Sustentam também os Autores que já foram iniciadas intervenções no Rio Paraguai, no intuito de proporcionar a operação da referida hidrovia e melhorar-lhe a sua infra-estrutura física e portuária, podendo-se declinar obras de sinalização, balizamento, dragagens, alteração do curso dos rios, remoção de material rochoso, canalização, construção de estradas de acesso e edificação de portos no trecho entre o município de Cáceres/MT e a Foz do Rio Apa/MS, na fronteira brasileira. Estas ações, entretanto, causam impactos ao meio ambiente e sociais significativos, não tendo, até o momento, o IBAMA recebido qualquer pedido de licenciamento ambiental do empreendimento como um todo ou sequer de seus vários componentes.

Entendendo presentes os requisitos, requereram a concessão de medida liminar para suspender as licenças concedidas e procedimentos instaurados pelos entes estaduais e federal ilegalmente, determinando-se ainda que se abstenham da prática desses atos administrativos. No mérito, protestaram pela procedência do pedido inicial, condenando-se ainda os Requeridos nos ônus decorrentes da sucumbência. Juntaram os documentos de fls. 28/38.

Ouvidos os representantes judiciais dos entes estatais, restou a liminar deferida às fls. 63/69 e 99/102, parcialmente mantida pelo TRF – 1ª Região ( fls. 677/709).

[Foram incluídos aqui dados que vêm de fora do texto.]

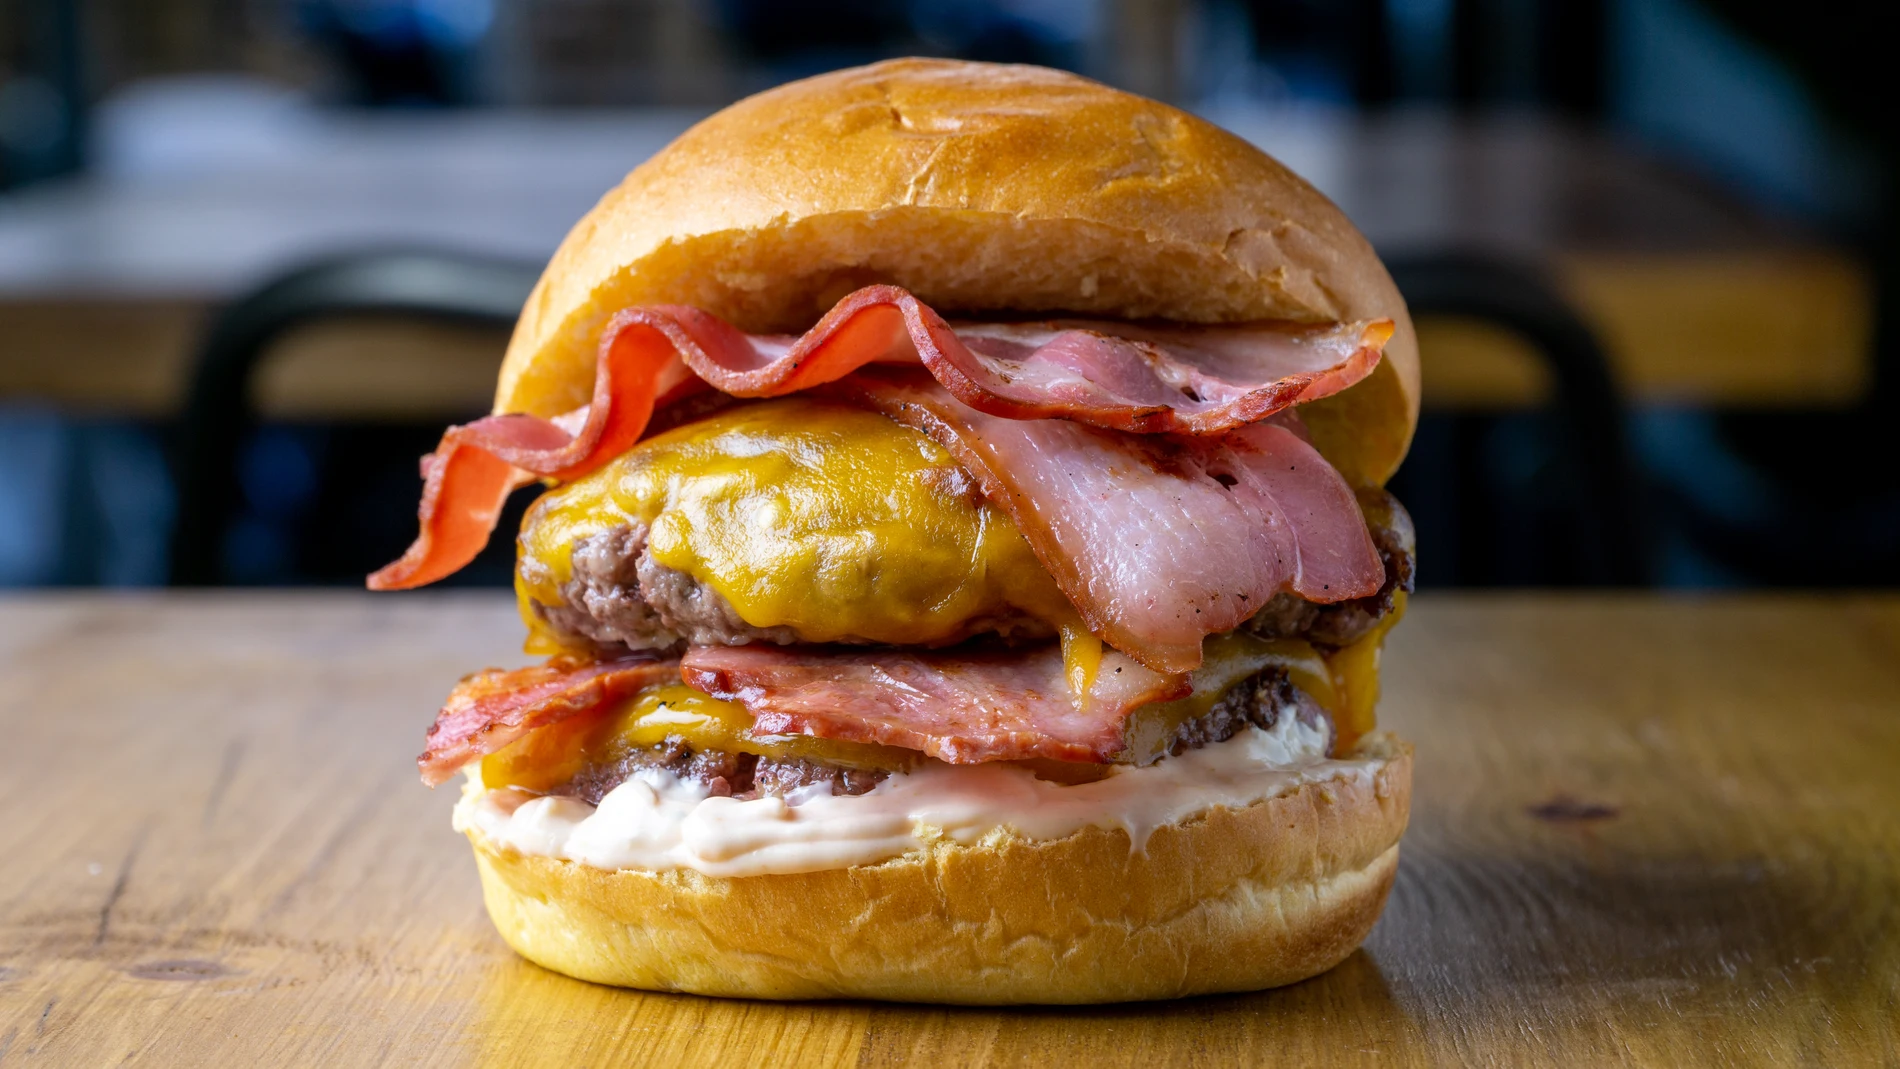 La Frankie Cheese Bacon ha sido nombrada tercera mejor hamburguesa en el Campeonato de España de Hamburguesas

Os Requeridos foram devidamente citados. O Estado de Mato Grosso, às fls. 109/128, suscitou preliminarmente a incompetência deste Juízo e, no mérito, asseverou não haver impedimento jurídico a que o licenciamento ambiental da hidrovia se faça por partes e pelos órgãos ambientais estaduais, sendo legal, portanto, o procedimento instaurado pela FEMA/MT para o Porto de Morrinhos, em Cáceres/MT. Verbera que a competência administrativa ambiental é concorrente entre União e Estados e que a edificação questionada não tem impacto nacional ou regional, o que fundamentaria a intervenção do IBAMA, devendo-se ainda serem respeitadas as licenças atualmente existentes, pugnando derradeiramente pela improcedência do pleito inicial e condenação dos Requerentes nas verbas de estilo.

Às fls. 241/245, a Fundação Estadual do Meio Ambiente – FEMA/MT contesta o feito, argumentando que a Hidrovia Paraguai-Paraná e os portos, como o de Morrinhos, são empreendimentos e atividades distintos, estando no âmbito de sua competência administrativa o licenciamento ambiental dos terminais portuários localizados no território mato-grossense, conforme legislação e resolução do CONAMA específicas, razão pela qual roga pelo não acolhimento do pedido vestibular e pela imposição aos Autores dos ônus decorrentes da sucumbência.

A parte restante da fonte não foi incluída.